Tutor Cairn Infrastructure Sizing Recommendations?

Good Day Team!

We run an instance of open edX (nutmeg) with tutor and have the Cairn plugin installed.

We are currently using AWS EC2’s to run our infrastructure. We recently moved the Tutor Carin plugin onto it’s own EC2 as we were having some timeouts and different errors in components in the superset front end.

We are currently running Superset, Clickhouse, and Vector in an EC2 on AWS.

The majority of the errors that we are seeing is:
Code: 241. DB::Exception: Memory limit (for query) exceeded
MEMORY_LIMIT_EXCEEDED

A few questions for others that are using Cairn:

  • What does your infrastructure look like? (EC2s, EKS, Other)
  • What size is your infrastructure?
  • Do you have Clickhouse externalized outside of Docker? (RDS, other) What size of Clickhouse db do you have?
  • Are there other scaling or tuning that you have done for performance?

The CPU and RAM are not hitting 100% during these errors. So, we are trying to determine if there are configurations that we need to tune/change.

Data Stats:
Table:Count
_tracking:137,484,321
completion_blockcompletion:49,641,043
course_overviews_courseoverview:532
auth_user:166,083

Thanks in advance for your help!

This is super interesting Justin! To be honest, I was waiting for a user to face a scaling issue with the single node Clickhouse instance. With no data clearing policy, this issue is bound to happen at some point. It’s interesting that it happens with 10⁸ tracking log lines and 10⁵ users.

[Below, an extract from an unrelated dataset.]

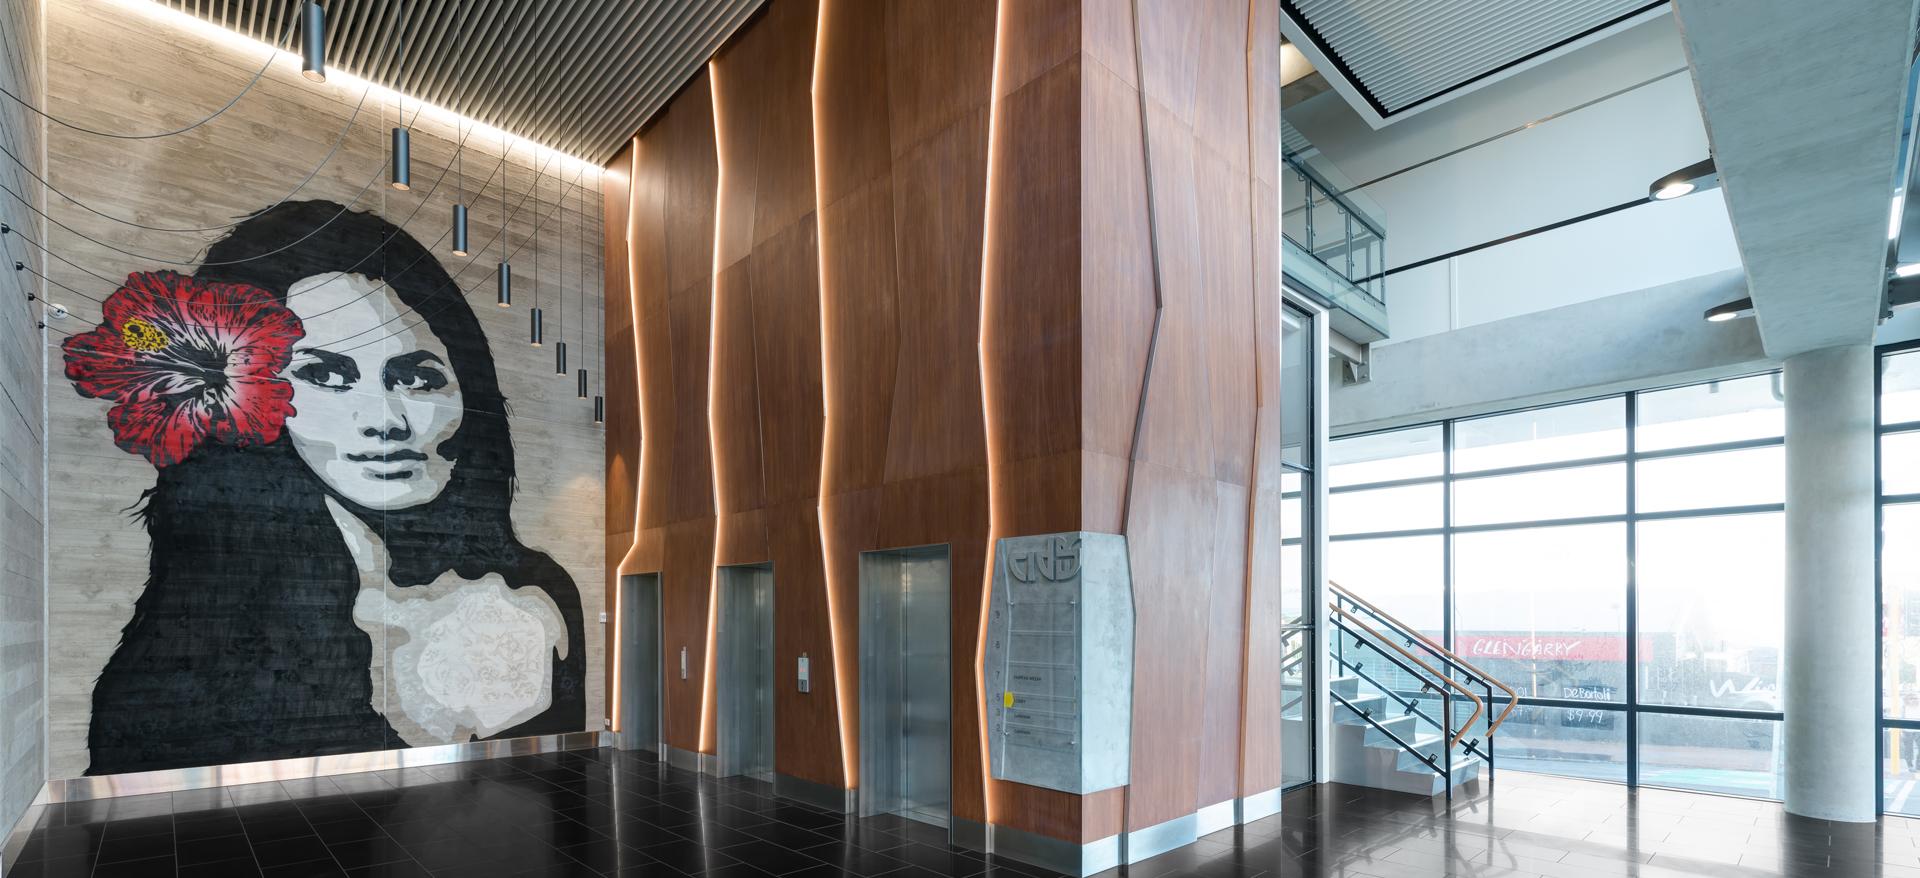 Cider Building Lobby, Auckland
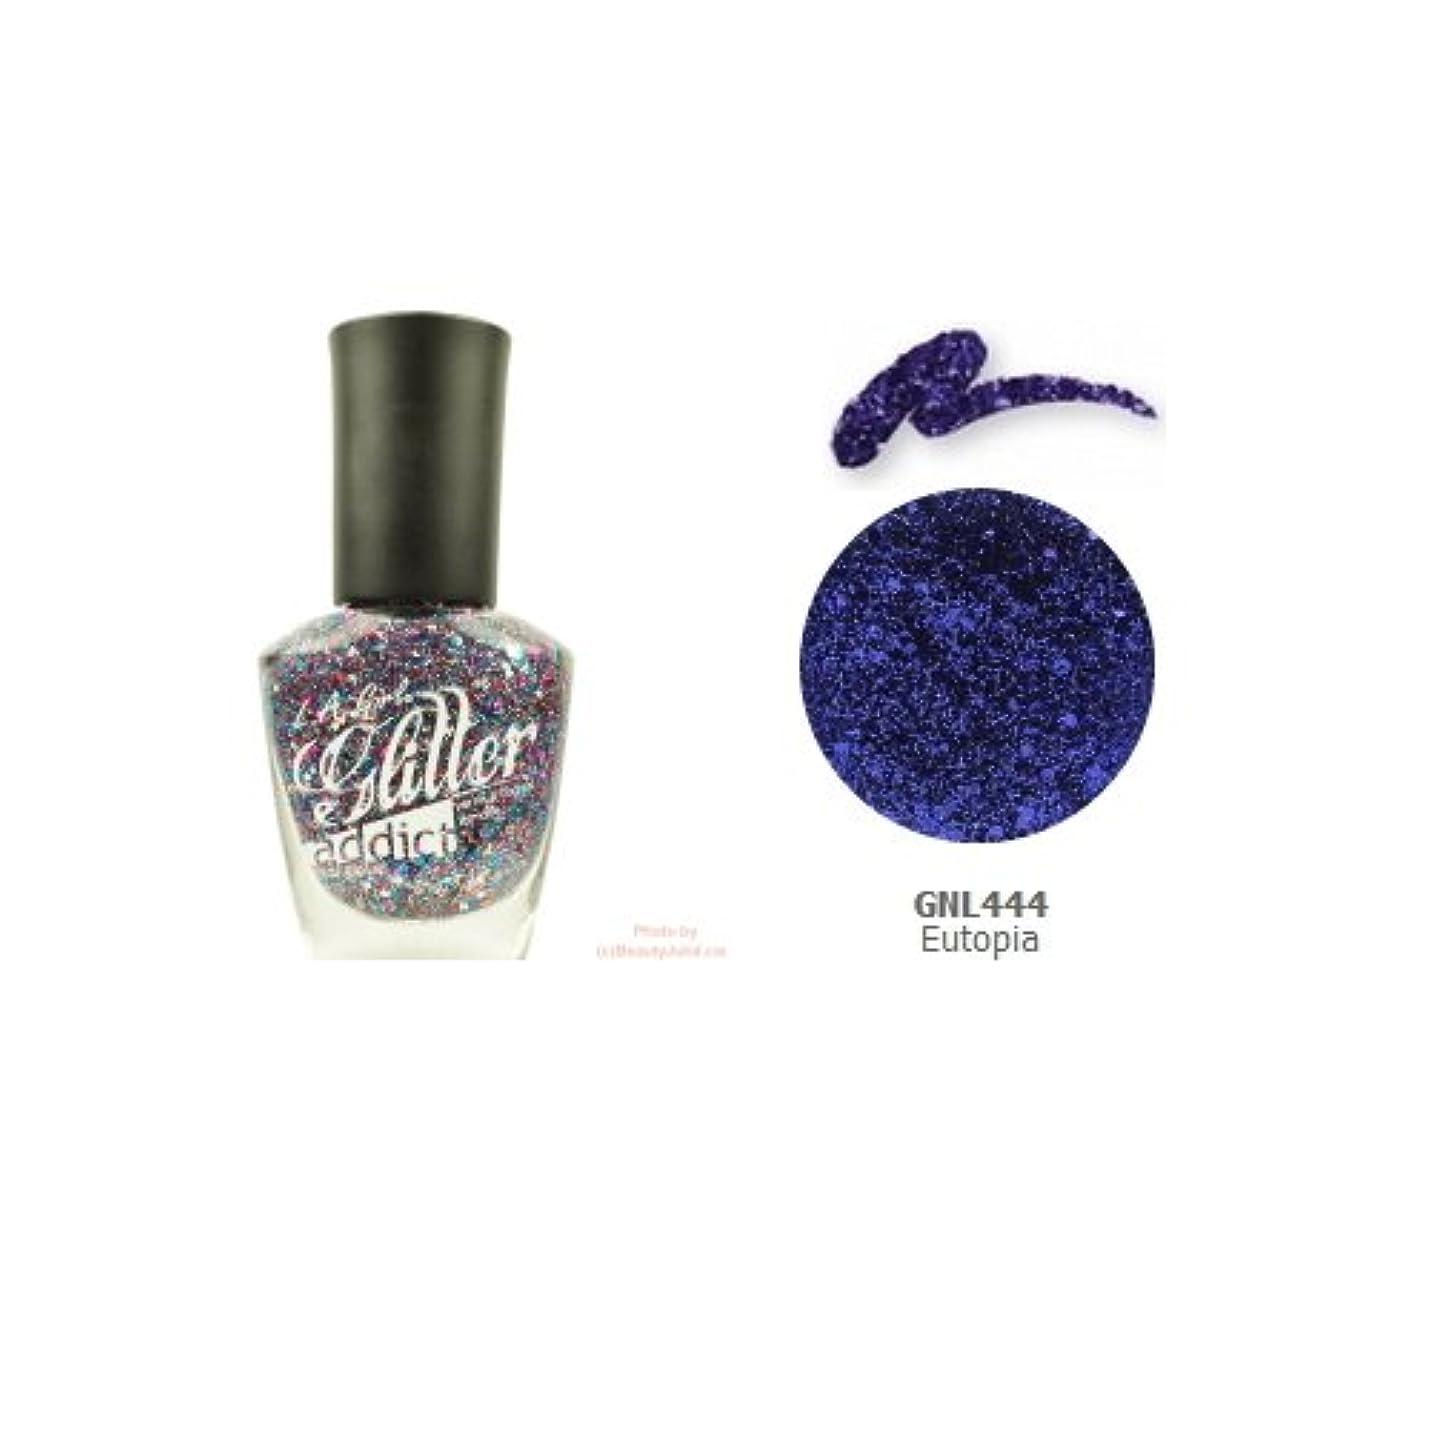 くつろぎ悪意非効率的な(3 Pack) LA GIRL Glitter Addict Polish - Eutopia (並行輸入品)

Could you tell us which query is causing the MEMORY_LIMIT_EXCEEDED error? This will help us figure out an adequate solution.

@regis thanks for the reply!

Here are some of the most recent queries that are hitting the MEMORY_LIMIT_EXCEEDED error for us. Some of these are from new tables and views that were added to enable some new visualizations for our instructors.

If you need more information just let me know.

Thanks in advance for your help!

Query 1

SELECT course_id AS course_id,
       user_id AS user_id,
       user_email AS user_email,
       display_name AS display_name
FROM
  (SELECT course_id,
          display_name,
          block_key,
          user_id,
          user_email
   FROM course_block_completion) AS virtual_table
WHERE user_email IN ('EMAIL-REMOVED')
ORDER BY course_id ASC,
         user_email ASC,
         display_name ASC
LIMIT 10000

Query 2

SELECT display_name AS display_name,
       COUNT(*) AS count
FROM
  (SELECT course_id,
          display_name,
          block_key,
          user_id,
          user_email
   FROM course_block_completion) AS virtual_table
WHERE user_email IN ('EMAIL-REMOVED')
GROUP BY display_name
ORDER BY count DESC
LIMIT 10000

Query 3

SELECT display_name AS display_name
FROM
  (SELECT course_id,
          display_name,
          block_key,
          user_id,
          user_email
   FROM course_block_completion) AS virtual_table
GROUP BY display_name
ORDER BY display_name ASC
LIMIT 1000

Query 4

SELECT course_number AS course_number,
      course AS course,
      student_name AS student_name,
      user_email AS user_email,
      section AS section,
      lesson AS lesson,
      unit AS unit,
      attempt AS attempt,
      grade_percentage AS grade_percentage,
      time AS time,
      course_id AS course_id
FROM openedx.problem_scores
WHERE time >= toDateTime('2023-04-11 00:00:00')
  AND time < toDateTime('2023-07-11 00:00:00')
ORDER BY course_id ASC,
         student_id ASC,
         section_id ASC,
         problem_id ASC,
         attempt ASC
LIMIT 50

Query 5

SELECT attempt AS attempt,
       AVG(grade_percentage) AS "AVG(grade_percentage)",
       max(attempt) AS "MAX(attempt)"
FROM openedx.problem_scores
WHERE time >= toDateTime('2023-06-11 00:00:00')
  AND time < toDateTime('2023-07-11 00:00:00')
GROUP BY attempt
ORDER BY "MAX(attempt)" ASC
LIMIT 25

Let’s focus on the first query:

Is this a query that you wrote yourself or did it come with the Cairn default dashboard? That ORDER BY display_name looks fishy to me. It’s very unlikely that there is an index on display_name. Given the large size of your completion_blockcompletion table, I’m guessing it could cause a memory error.

Can you try to modify the query to remove the ORDER BY display_name statement?